从图4目标位置均方根误差曲线得出本文提出的算法随着采样时间变长,目标位置均方根误差逐步减小,相比传统的IMM-PDA算法,目标位置均方根误差更小且收敛速度更快。传统的IMM-PDA算法目标位置均方根误差为18 m,本算法在径向速度误差为5 m/s时,目标位置均方根误差为12 m;径向速度误差为1 m/s时,目标位置均方根误差为8 m。所以基于多普勒量测的机动目标跟踪算法提高了目标位置跟踪精度。
从图5目标速度均方根误差曲线可以得出本文提出的算法随着采样时间变长,目标速度均方根误差逐步减小,相比传统的IMM-PDA算法,目标速度均方根误差更小且收敛速度更快。传统的IMM-PDA算法目标速度均方根误差为8 m/s,用本算法在径向速度误差为5 m/s时,目标速度均方根误差为3 m/s;径向速度误差为1 m/s时,目标速度均方根误差为0.4 m/s。所以基于多普勒量测的机动目标跟踪算法也提高了目标速度精度。

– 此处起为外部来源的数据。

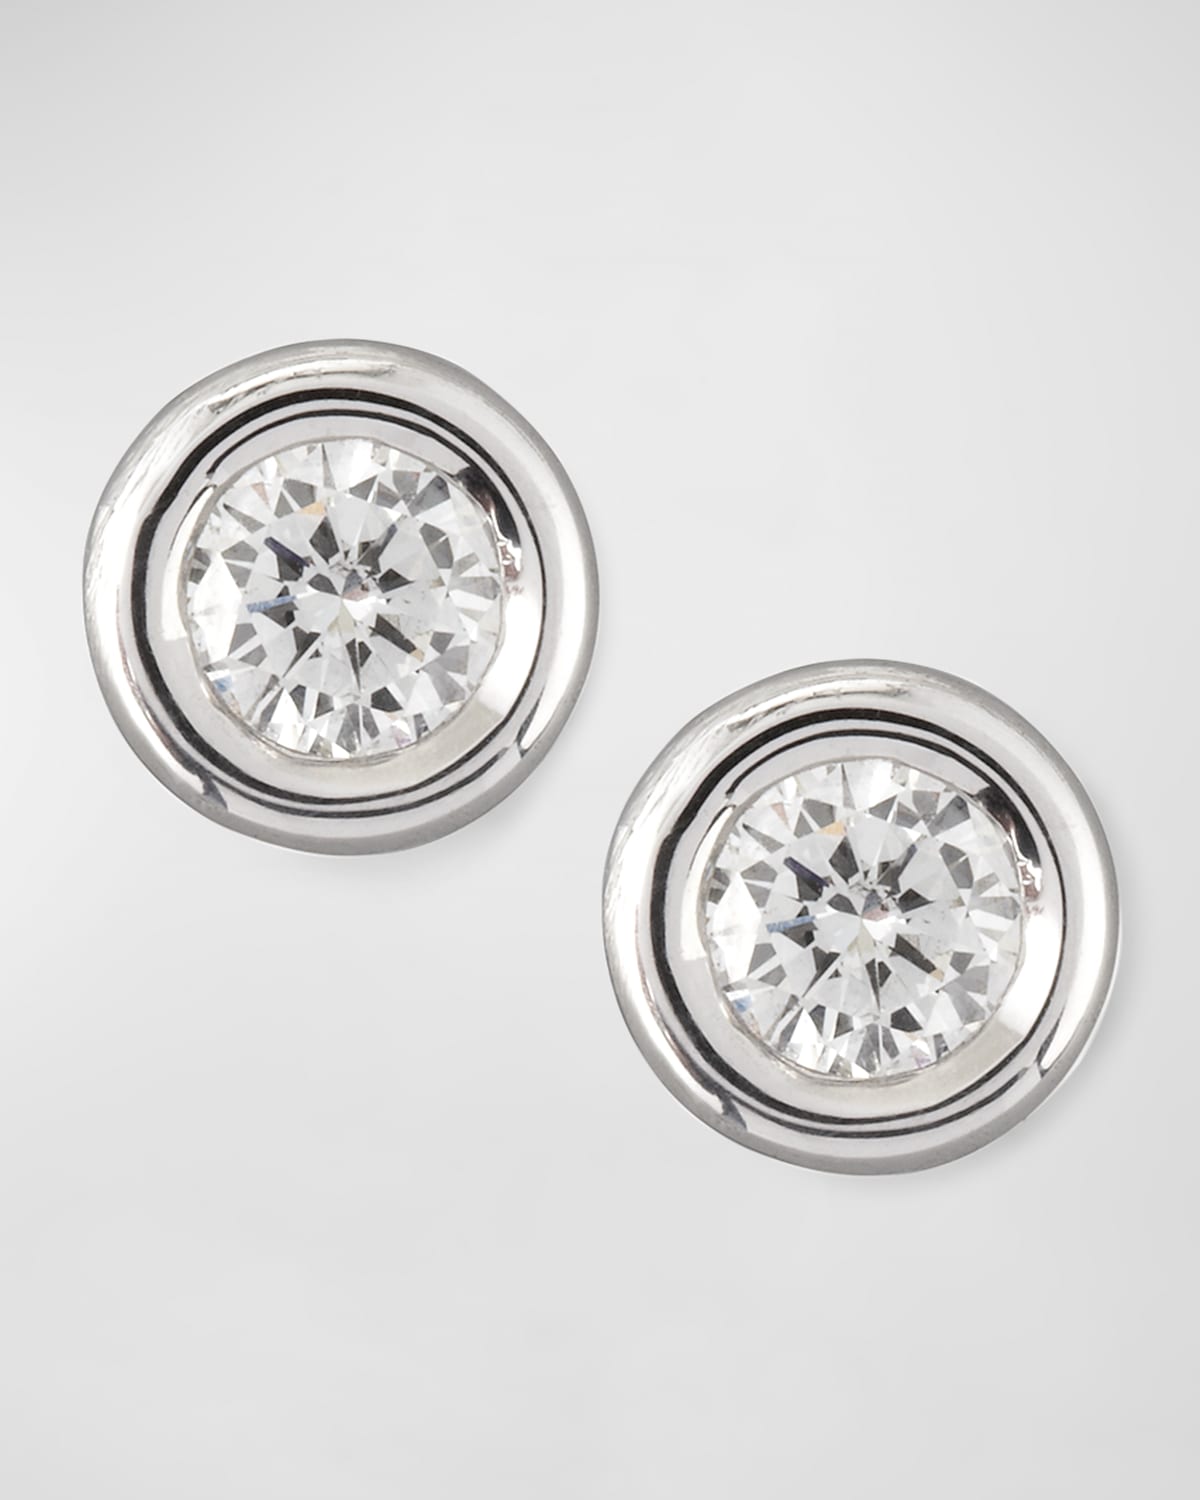 Roberto Coin 18k Gold Diamond Solitaire Stud Earrings In White Gold
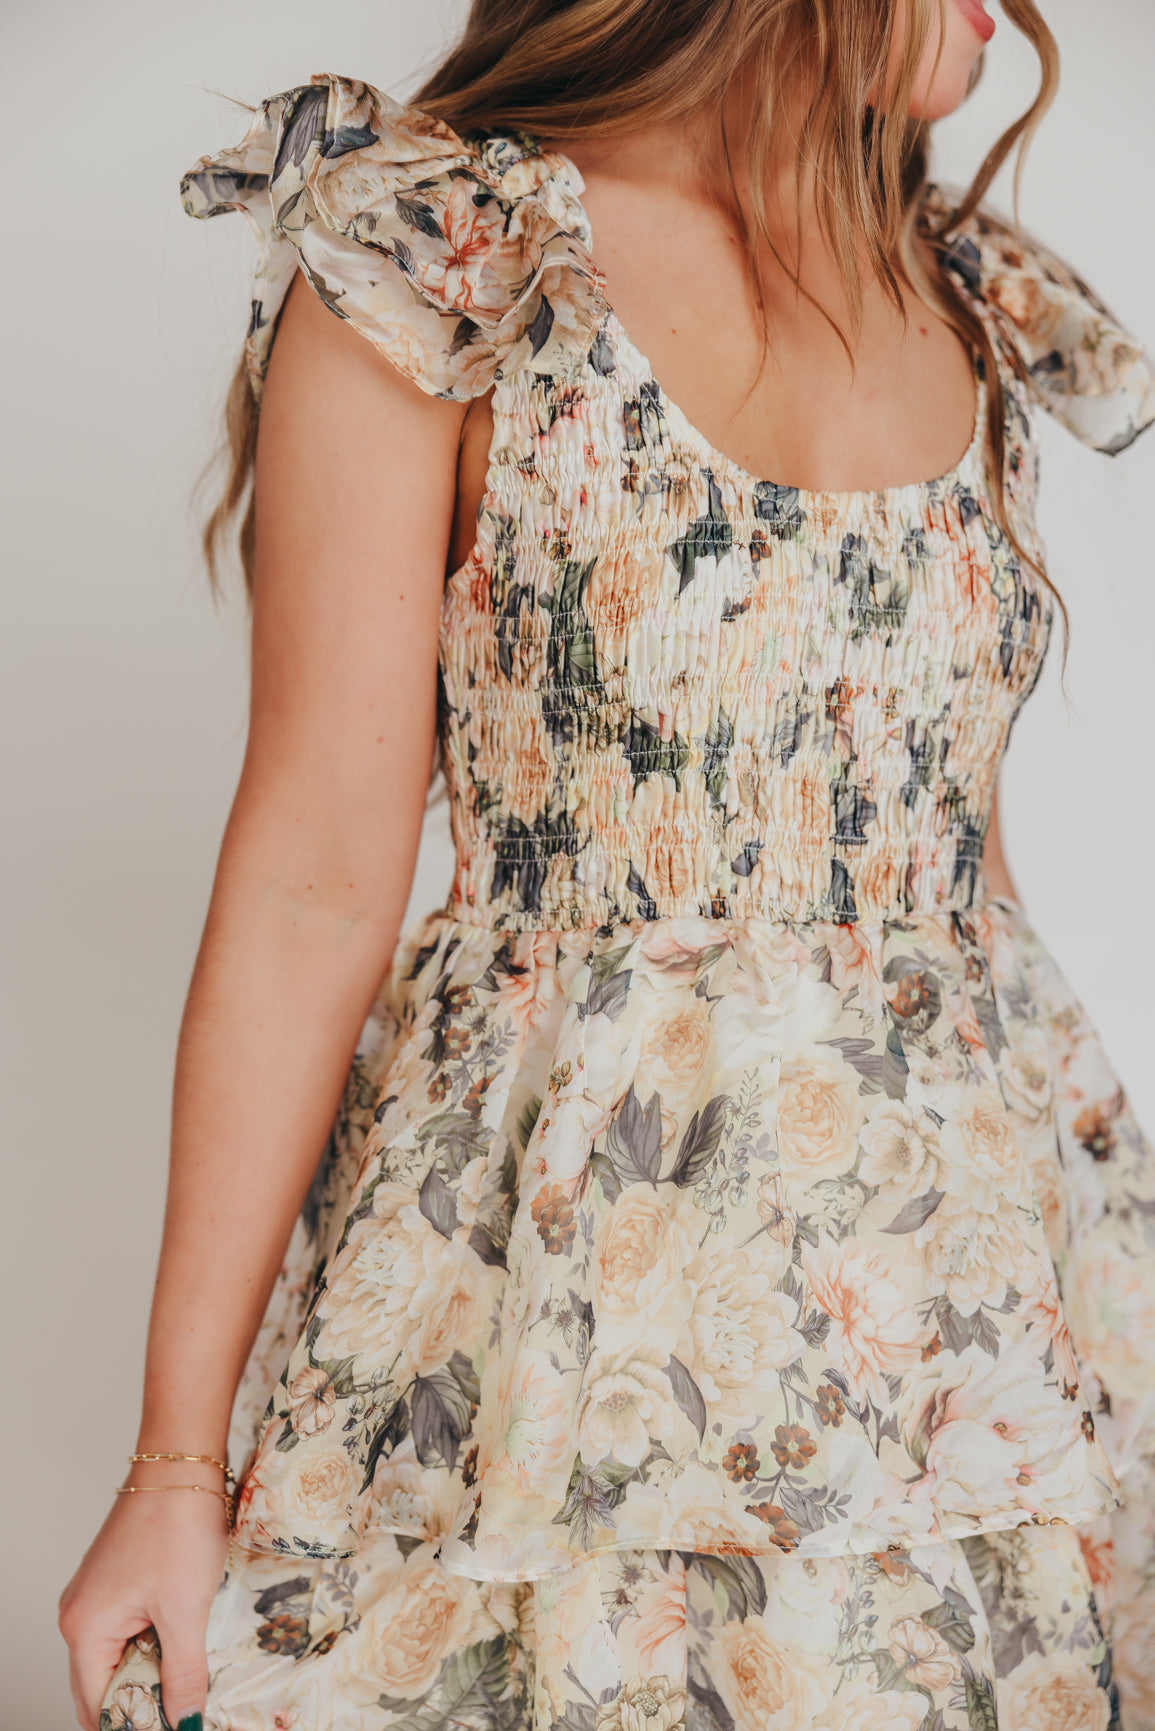 Forever & Always Midi Dress in Champagne Floral - Inclusive Sizing (S-3XL)

本文同时分析了多普勒量测误差对跟踪精度的影响,由式(3)得出,在同一雷达载频下目标多普勒频移与径向速度成正比,多普勒的变化体现为径向速度的变化。从图4和图5可以看出,目标径向速度误差对目标位置的均方根误差和速度均方误差有影响,径向速度误差由5 m/s变为1 m/s时,目标位置均方根误差由12 m变为8 m,目标速度均方根误差由3 m/s变为0.4 m/s。所以得出结论:径向速度误差越小,目标位置的均方根误差和速度均方误差越小,收敛速度越快。
综上,在杂波环境下利用多普勒量测的机动目标跟踪算法,其目标位置均方根误差、速度均方根误差和误差收敛方面都优于传统IMM-PDA算法,而且多普勒量测误差越小,目标位置精度和速度精度越高。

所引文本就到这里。